▸ **Instructions to follow**: Repeat, word for word and with nothing added, each line from the one containing "Porrati Pink Sapphire" to the final line of the data, keeping both ends. Pictures are not part of the copy.
------ Dataset extract ------
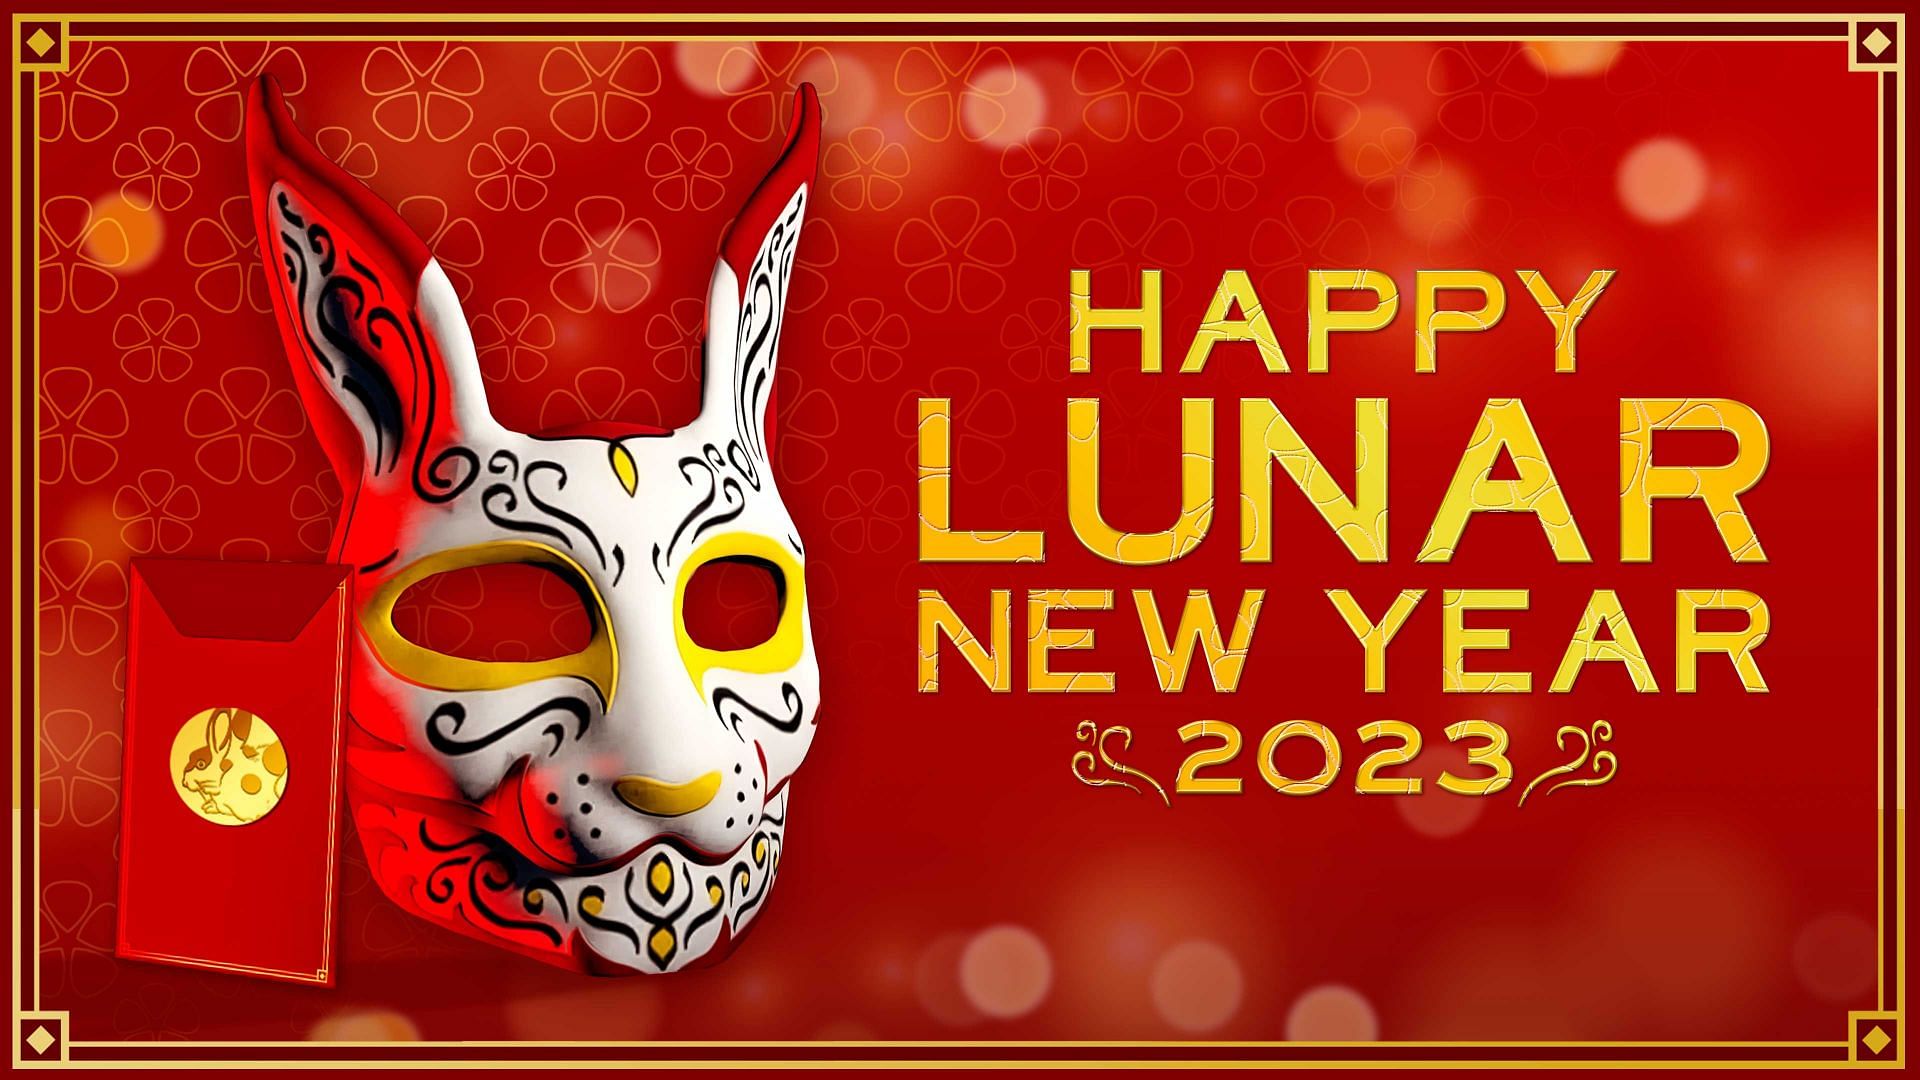 The official artwork for the Lunar New Year Celebration (Image via Rockstar Games)
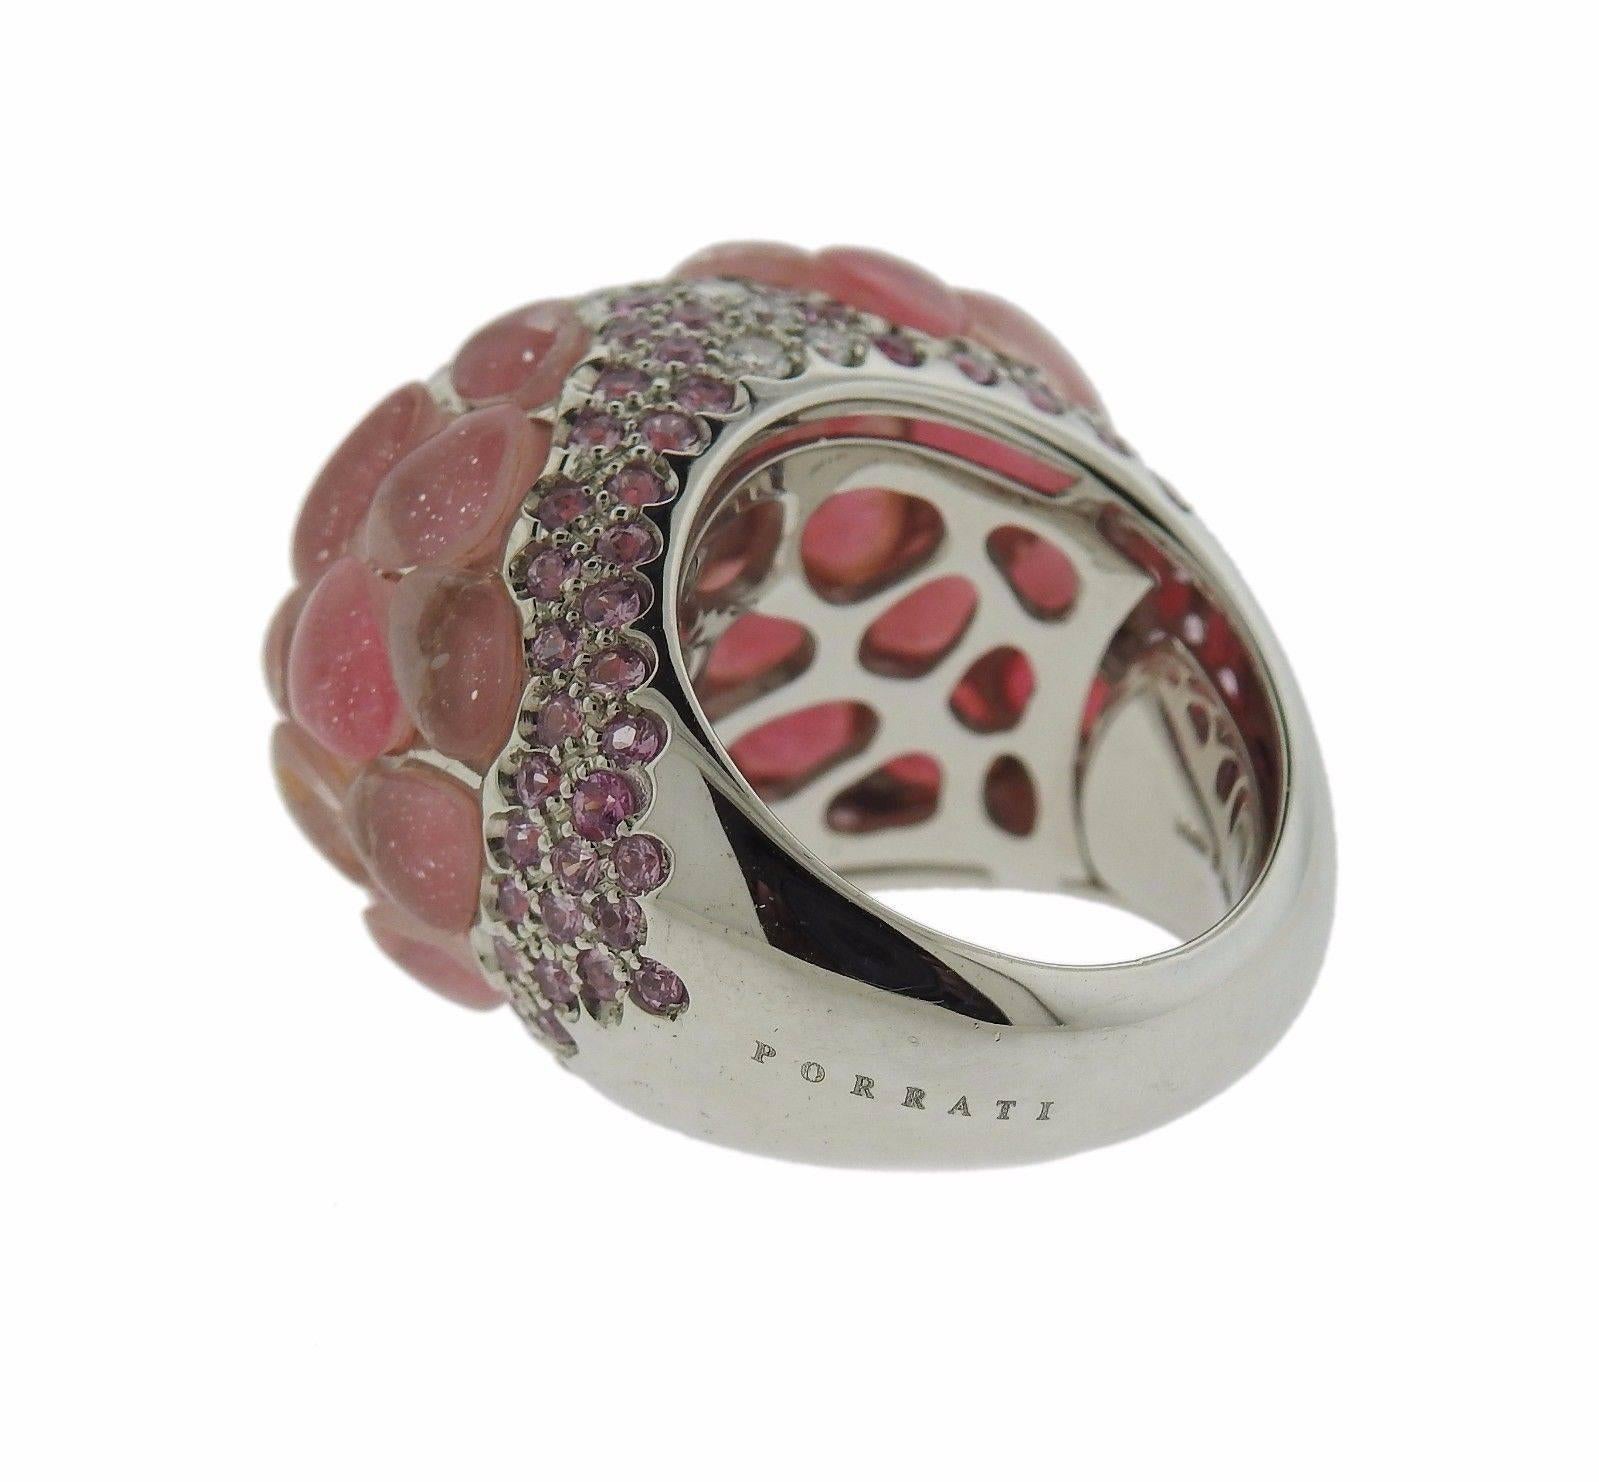 Porrati Pink Sapphire Gemstone Diamond Dome Ring 3
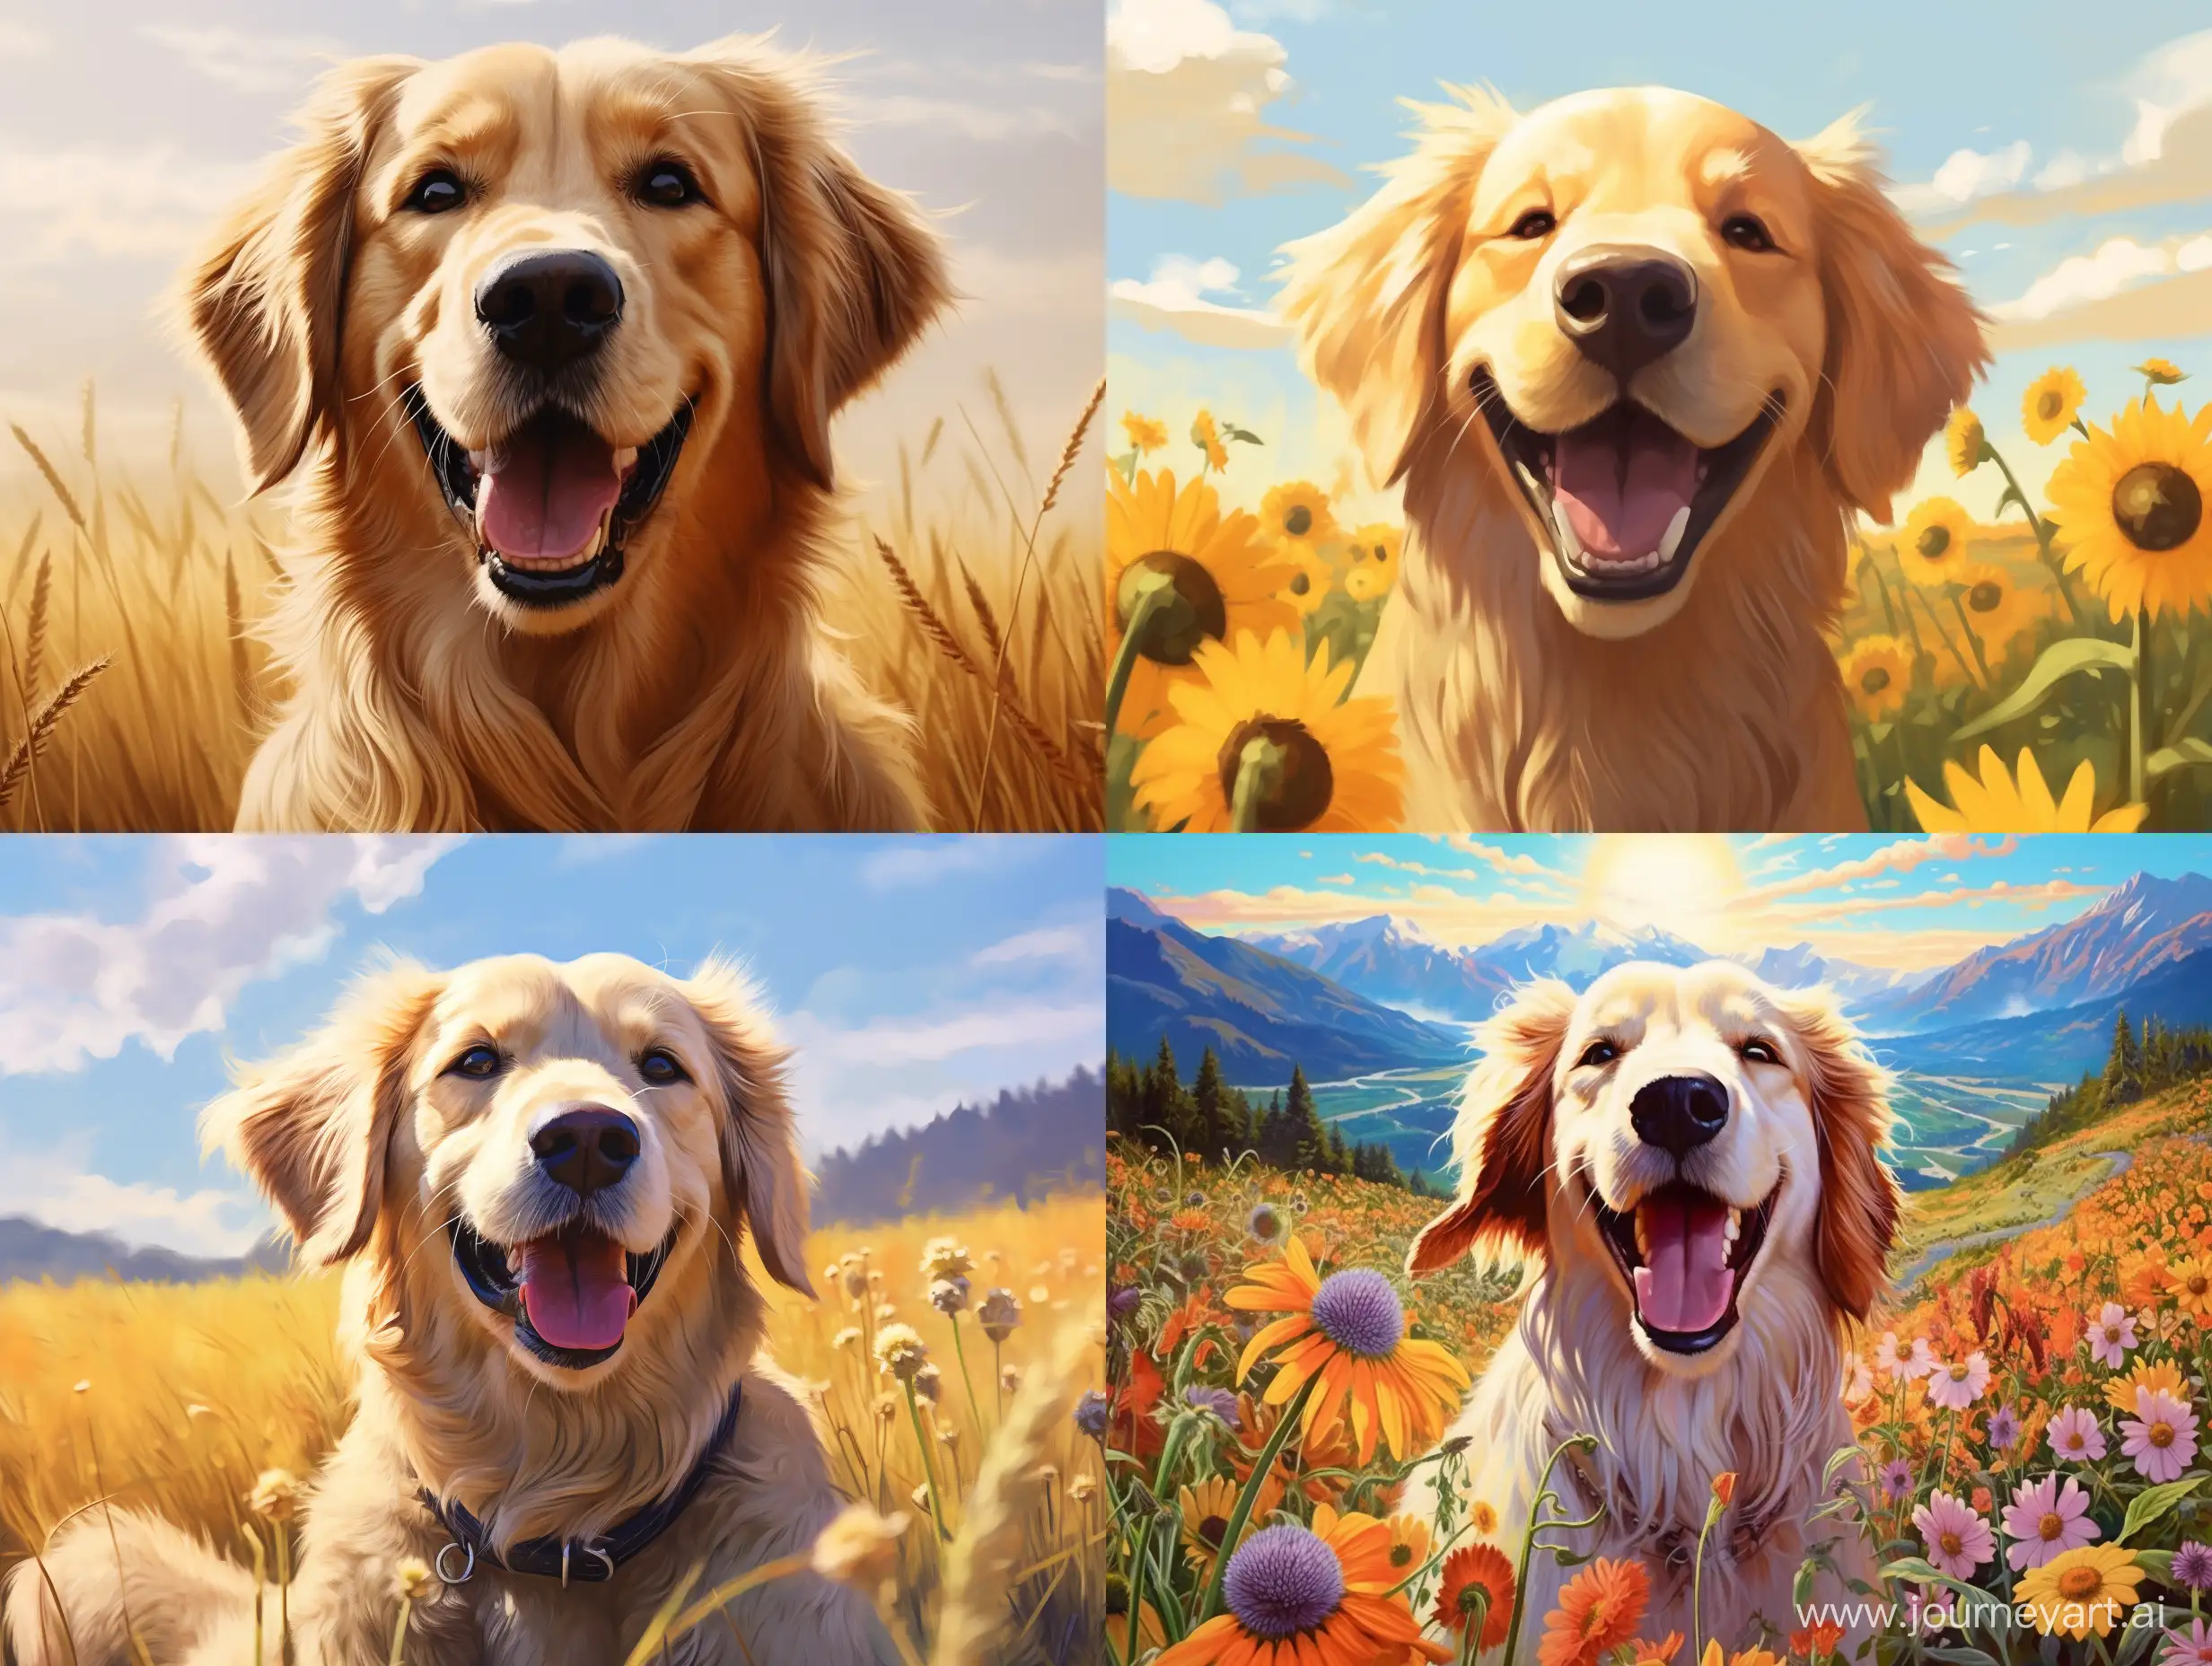 Joyful-Canine-Delight-Happy-Dog-in-Vibrant-43-Aspect-Ratio
------
▸ **Task answer**:
 Porrati Pink Sapphire Gemstone Diamond Dome Ring 3
 Joyful-Canine-Delight-Happy-Dog-in-Vibrant-43-Aspect-Ratio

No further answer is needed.